Background: Amyotrophic Lateral Sclerosis (ALS) is a fatal neurodegenerative disorder with a high multidimensional burden, with an obscure etiopathogenesis.
Methods: We designed a longitudinal, population-based study of people residing in Central Italy (Marche Region) who were beneficiaries of the National Health System. People with an unprecedented ALS hospitalization (335.20 ICD-9 CM) or tagged with an ALS exemption between 2014 and 2021 were considered incident cases. ALS cases residing in the region for <3 years or with an active ALS exemption or hospitalized for ALS before 2014 were excluded. We used secondary sources to identify new ALS diagnoses. The regional referral center for ALS's database was used to test the accuracy of secondary sources in detecting cases. ALS mean incidence was compared to that reported in similar studies conducted in Italy. The incidence rate trend adjusted by sex and age was evaluated using the Poisson regression model.
Results: We detected 425 new ALS cases (median age: 70y) in the 2014-2021 period, with a mean incidence of 3.5:100,000 py (95%CI: 3.2-3.8; M:F = 1.2), similar to that reported in similar studies conducted in Italy. No trend was observed during 2014-2019. After including 2020-2021 in the model, we observed a mean decrease in incidence of 5.8% (95% CI 2.0%; 9.5%, p = 0.003).

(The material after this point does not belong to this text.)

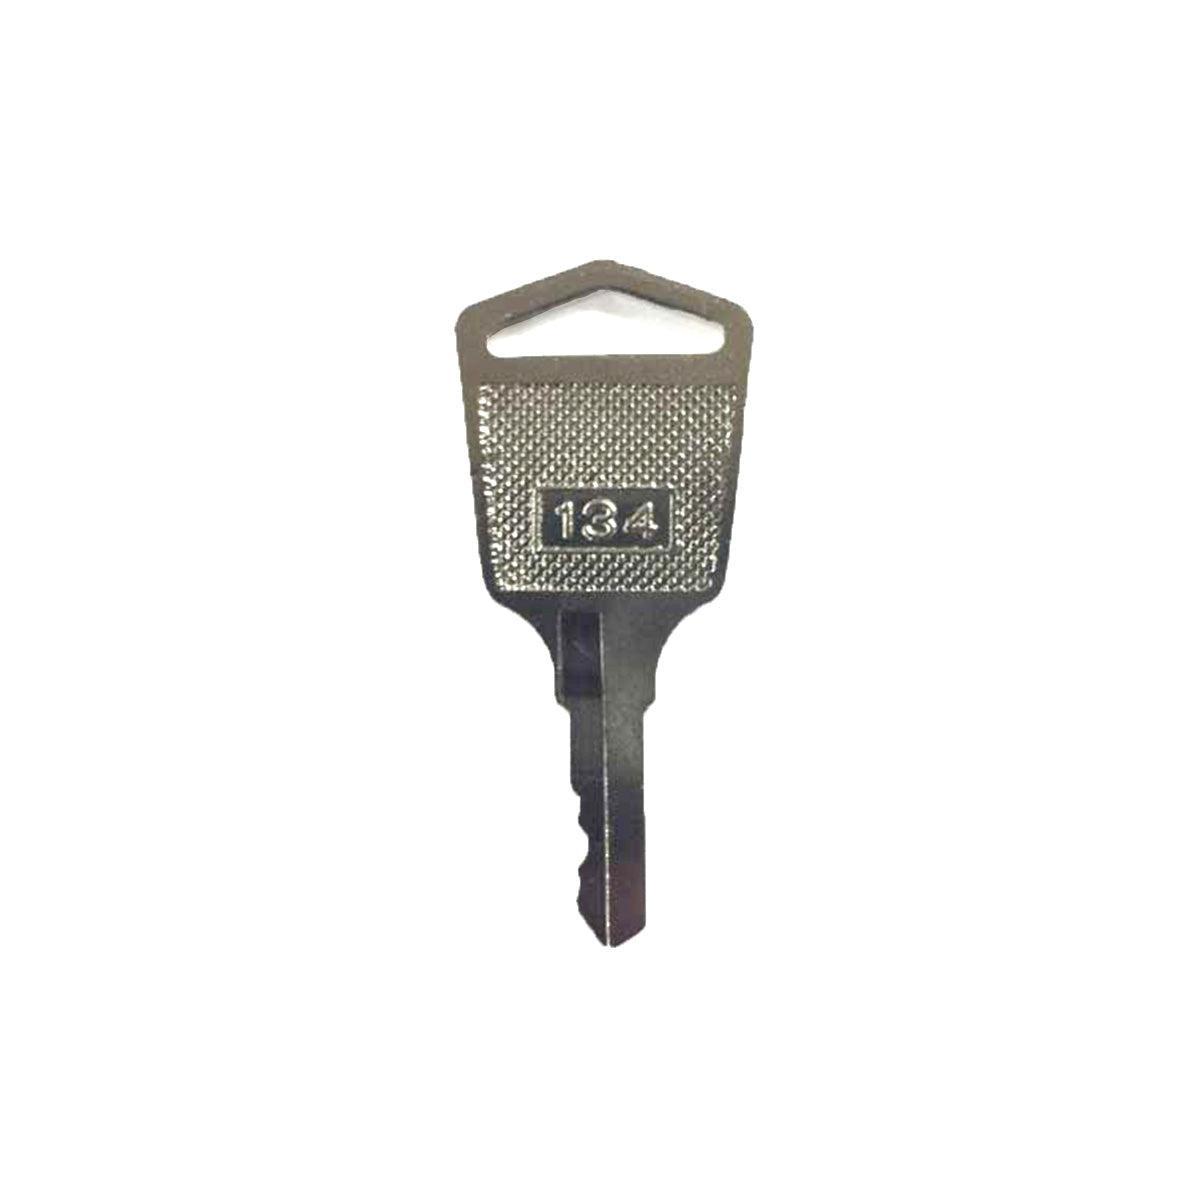 Product Time-Precision TP100 / TP200 Replacement Keys — ClockingSystems image

Conclusion: We show a decrease in the incidence rate of ALS in Marche, during the 2014-2021 period, as a possible outcome of a delayed neurological assessment and diagnosis during the pandemic. An ad hoc developed identification algorithm, based on healthcare utilization databases, is a valuable tool to assess the health impact of global contingencies.
Keywords: Amyotrophic lateral sclerosis; environment; neuroepidemiology.